The world's most popular open source database
Robin Schumacher is MySQL's Director of Product Management and has over 13 years of database experience in DB2, MySQL, Oracle, SQL Server and other database engines. Before joining MySQL, Robin was Vice President of Product Management at Embarcadero Technologies.
In Part 1 of this article series, we looked at how the Falcon transactional storage engine was architected and how it compared to some of the other MySQL storage engines. In this article, I’ll focus on how Falcon performs transaction management, including some special points on where Falcon differs from some of MySQL’s other transactional engines.

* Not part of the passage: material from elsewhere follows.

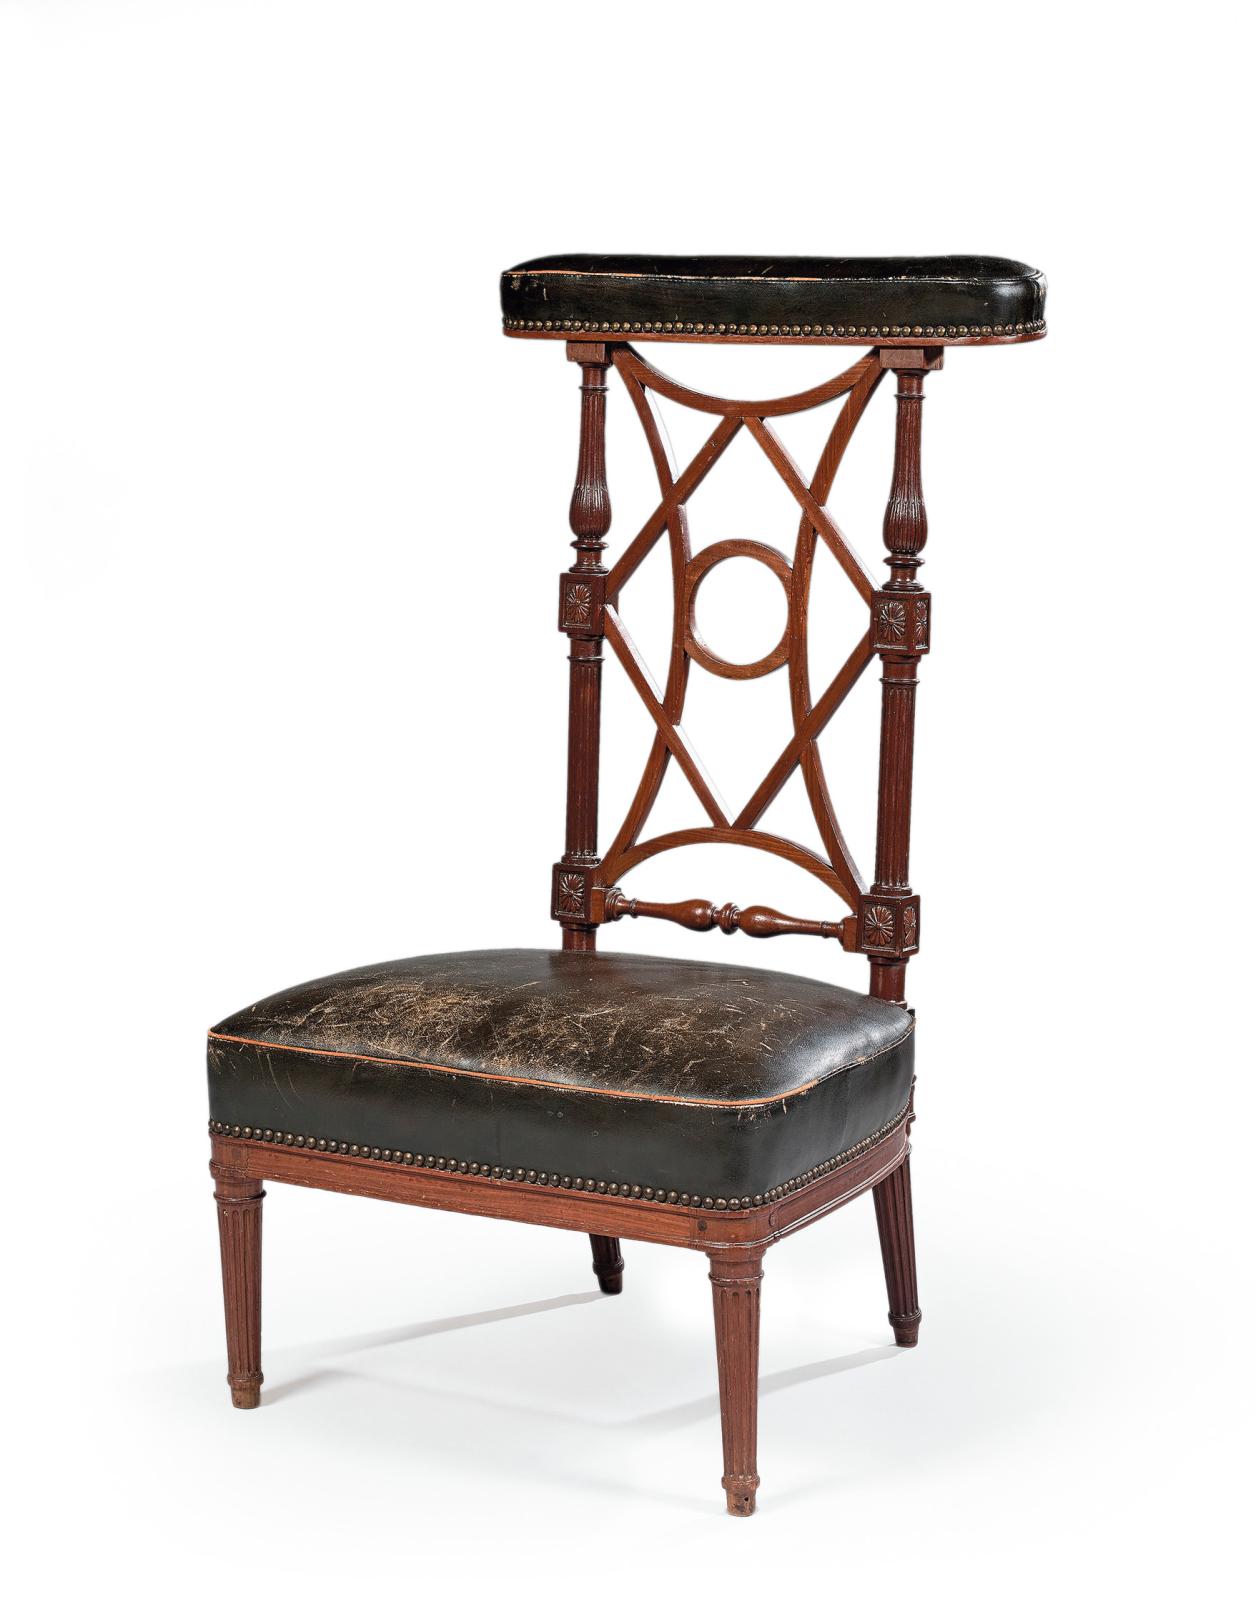 Époque Louis XVI, chaise ponteuse en acajou de Cuba, portant une estampille Jean Baptiste Boulard, 96 x 53 x 46,5 cm. Drouot, 22 mai 2019.

The first thing to understand about transactions and Falcon is that the engine takes a multi-generational approach to managing both transactions and concurrency. This means that the engine keeps multiple iterations/generations of rows available in memory to ensure the highest possible levels of uninterrupted data access.
Falcon supports ACID-level transactional operations, which are handled in memory via the record cache. Once in-process transactions are committed, the operations are flushed to the Falcon Log for asynchronous application to the database files. The only exceptions to this rule are new BLOBs, which are immediately applied to the database files.
Falcon differs from proprietary databases such as Oracle as well as other open source RDBMS’s like Firebird in that all transactional operations are kept in memory inside the record cache. Falcon maintains a 4-byte transaction ID in the record header of the rows involved in the transaction. When a transaction commits, its transaction id is stored in the log at the front of the block containing the committed version of every record it changed, and the block containing its index changes. To provide each transaction a stable snapshot of the data that existed the moment the transaction was submitted, the Falcon record cache may contain multiple versions of data.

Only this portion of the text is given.